What made The Berlin Wall such a chore was that it was so boring. There is bound to be drama in the secret planning that went behind the decision to erect a wall. Thousands of East Germans were fleeing through Berlin, draining the country of its youth and intellectuals. The East was helpless to stop the flow, and saw a wall as its only solution. While many East Berliners were on summer holiday, authorities rolled out barbed wire on the night of 13 August 1961. Residents of the city woke up to find themselves suddenly divided, and the East Germans who woke up in West Berlin saw themselves the luckiest people on the planet. We all know the story, yet the telling left me waiting in vain for something exciting to happen.

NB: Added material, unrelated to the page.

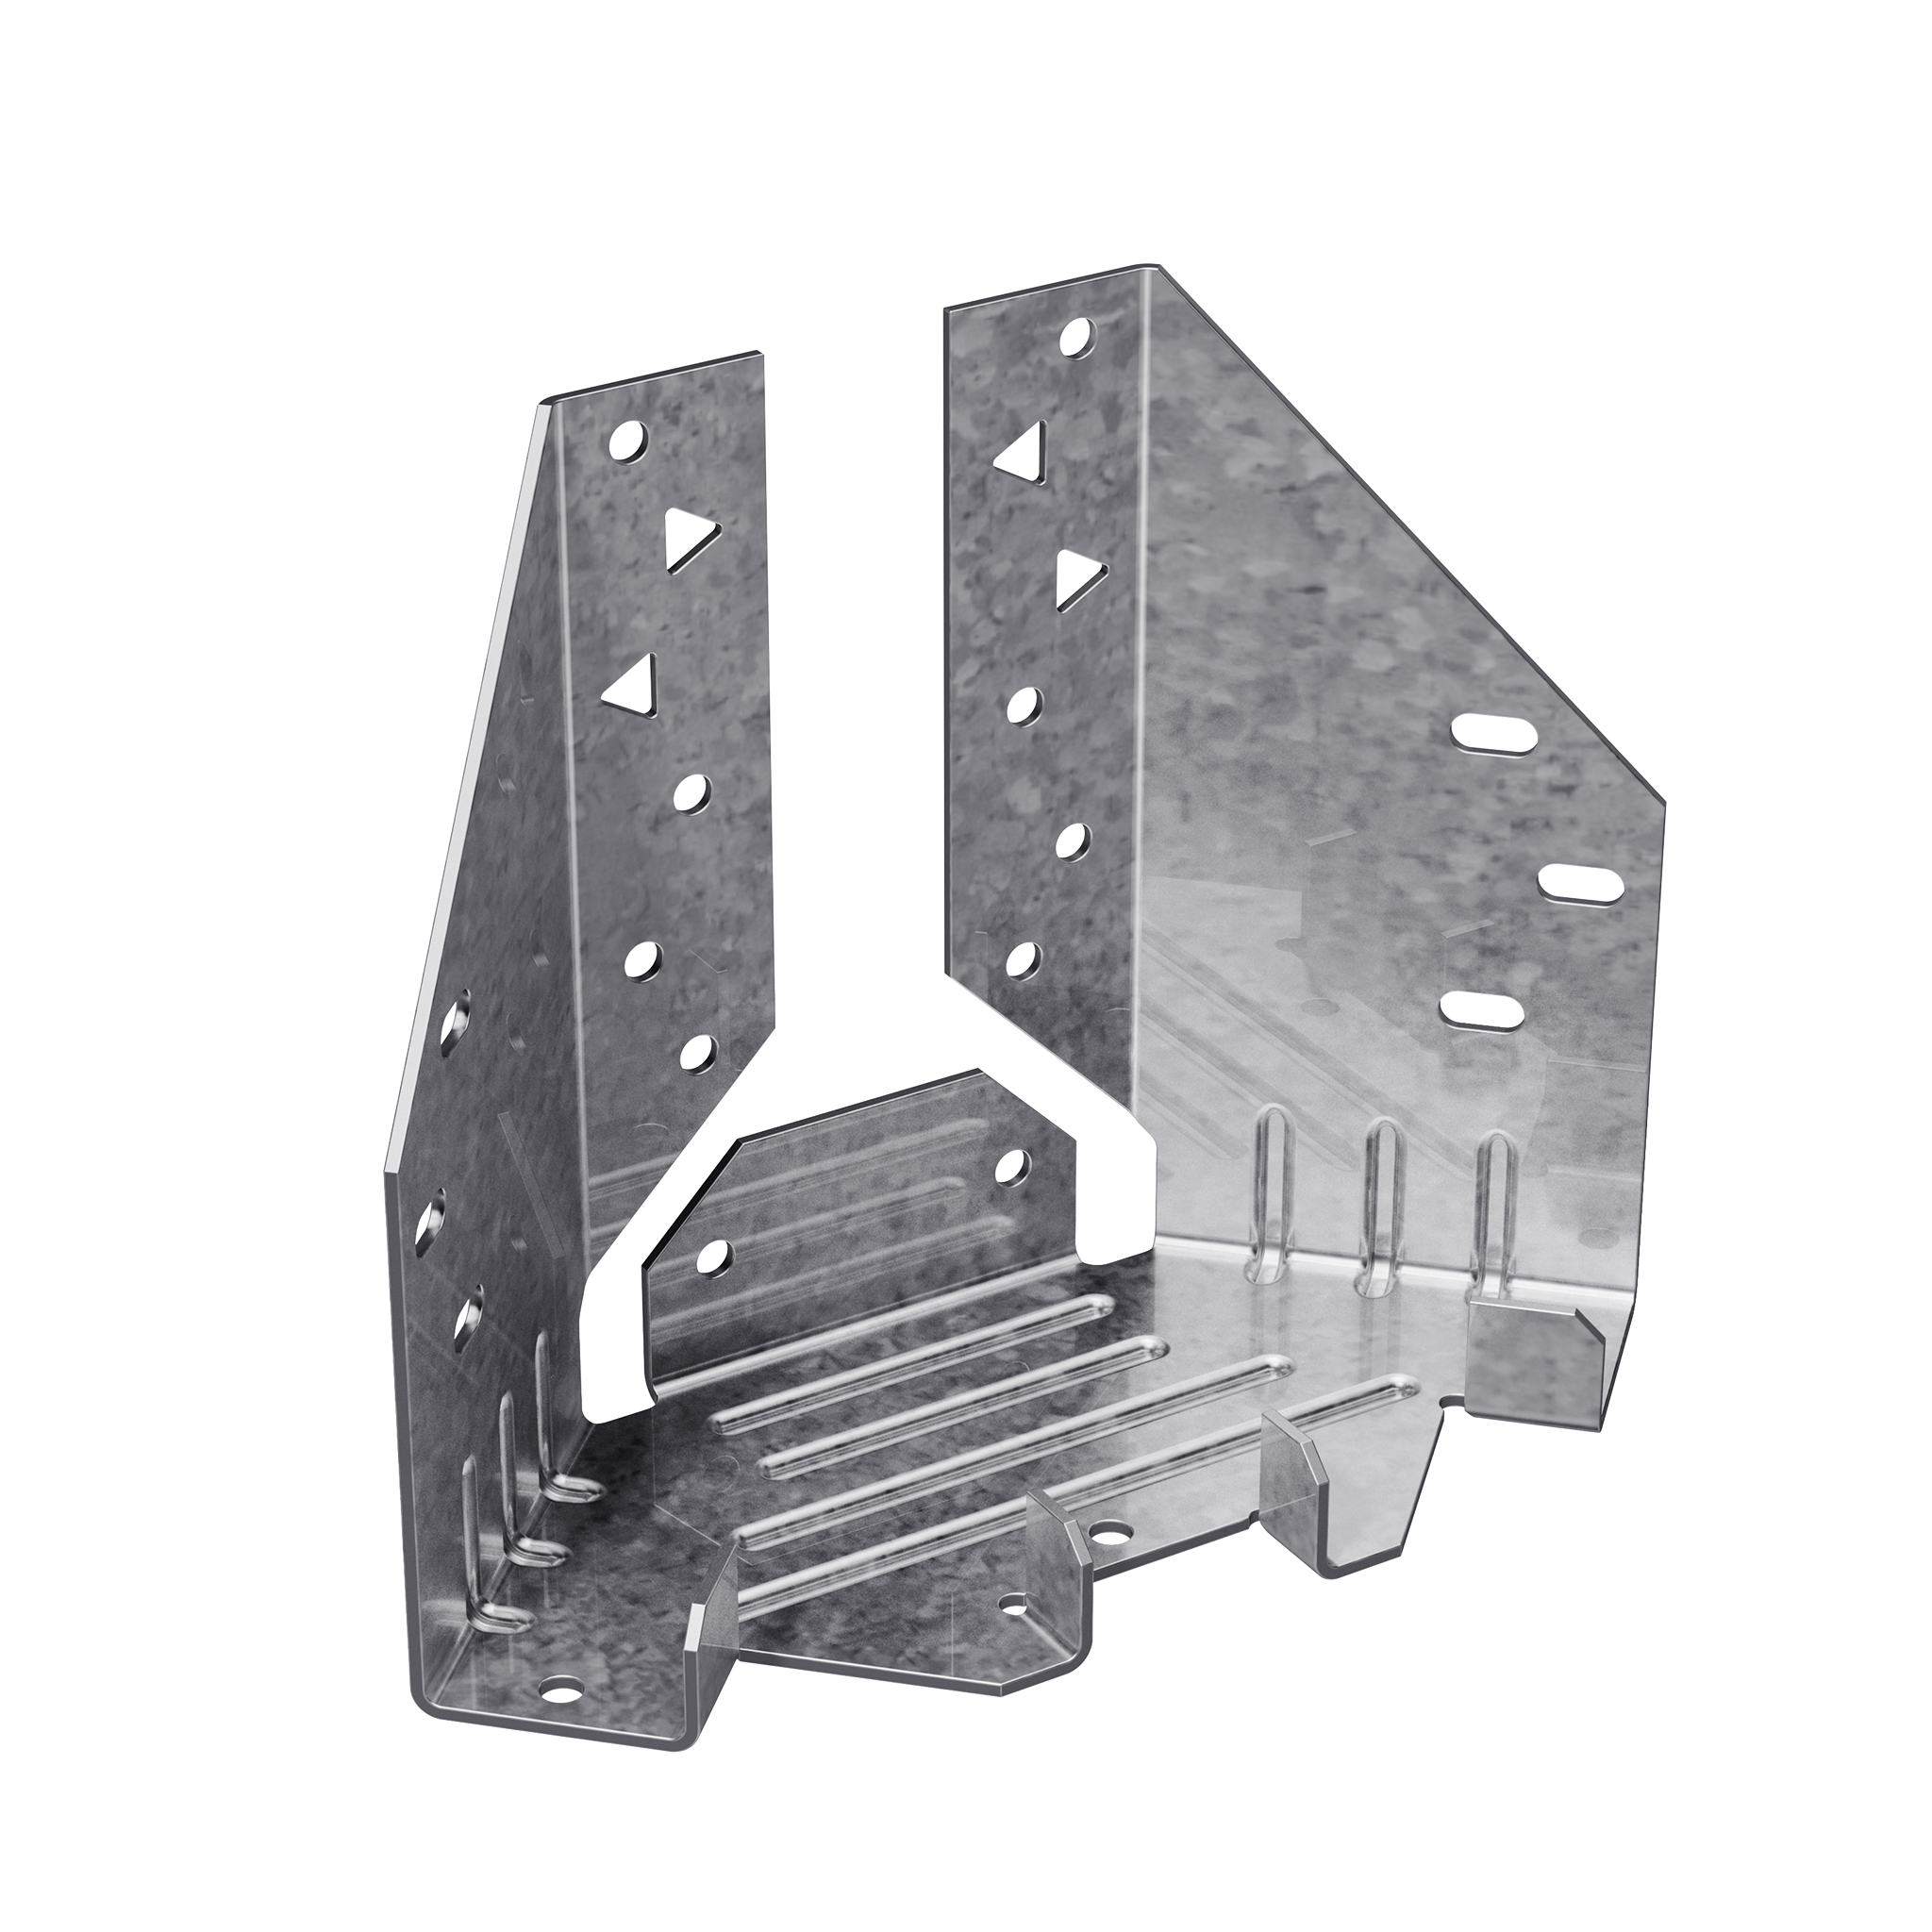 MTHMQ 4-1/8 in. Galvanized Multiple Truss Hanger with Strong-Drive® SDS Screws (Pack of 10)

Escape stories are always interesting, and Taylor provided accounts of escapes through tunnels, sewers, and over the Wall and its barricades that I had never read before. His access to declassified documents shed light on the true circumstances behind some escapees’ deaths by border security.Families of those who perished during escape attempts only found out after the Wall fell the truth behind their relatives’ deaths. Although Taylor had access to some declassified East German documents after the countries’ reunification, there were no revelations that proved to be extraordinarily surprising. Most of the time these formerly secret documents stated the truth about the downward spiral of the East German economy. The country was going downhill faster than anyone could imagine, and the Politburo saw the writing on the wall: the country was going to collapse.

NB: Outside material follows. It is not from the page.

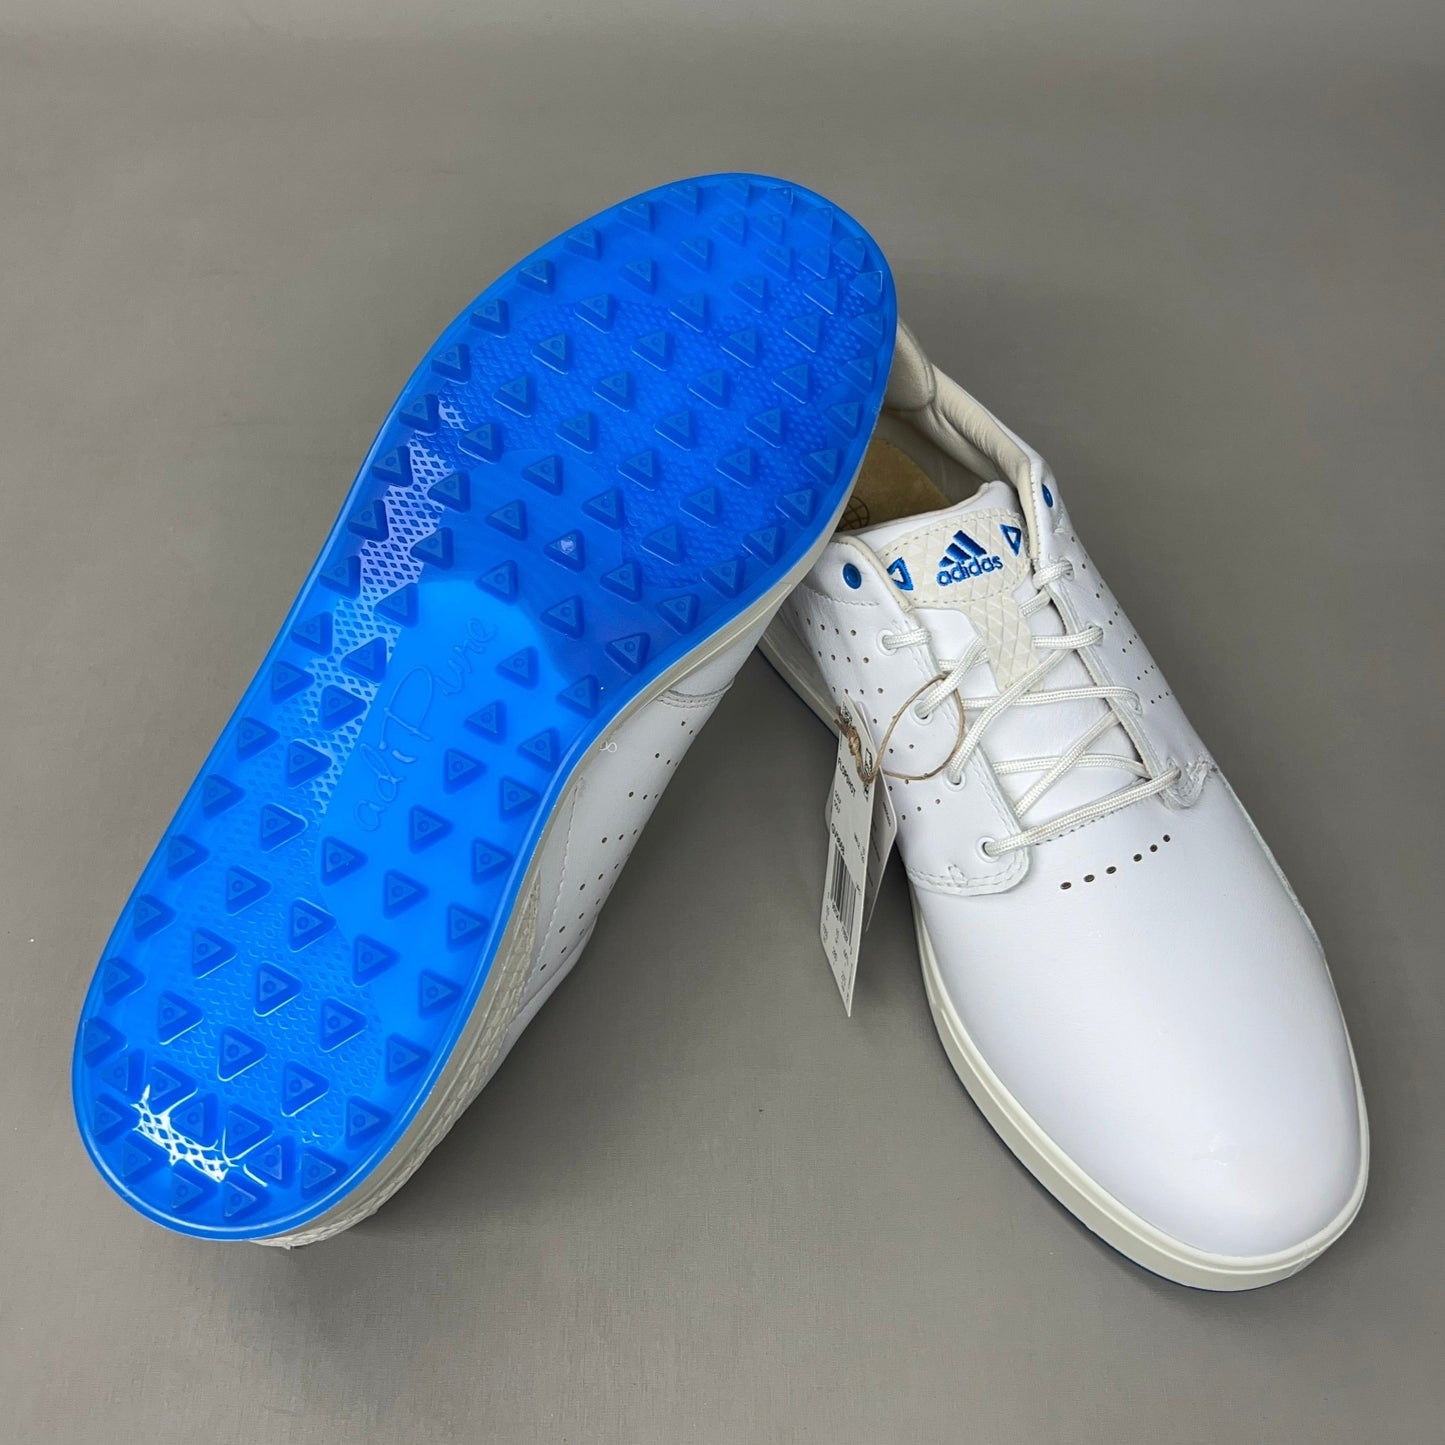 ADIDAS Flopshot Golf Shoes Waterproof Leather Men's Sz 13 White / Gold / Blue GV9668 (New)

The book didn’t start moving until the timeline reached the 1980’s, when Ronald Reagan took office. The power of the people in East Germany, in other Warsaw Pact states and ultimately in the Soviet Union itself all led to the downfall of Communism. The Berlin Wall became a can’t-put-down book as Taylor recounted the growing protest movements in Leipzig, and then the ouster of General Secretary Erich Honecker by the Politburo. It was exciting to read about the growing tension behind the Wall. The voice of the people kept on building and the regime could not stop it. The economy was worsening and the Soviet Union was not going to help. I sped through the final hundred pages. Getting to the collapse of the Wall was like waiting for the Titanic to hit the iceberg: I was on the edge of my seat as the timeline approached November 1989.

Since my copy of The Berlin Wall was a British imprint written by a Briton, I expected to see British spellings. Yet I found Taylor’s overuse of none the less to be annoying on the eyes, especially when found at the beginning of a sentence. Is this written as a three-word phrase in England, versus as nonetheless in North America?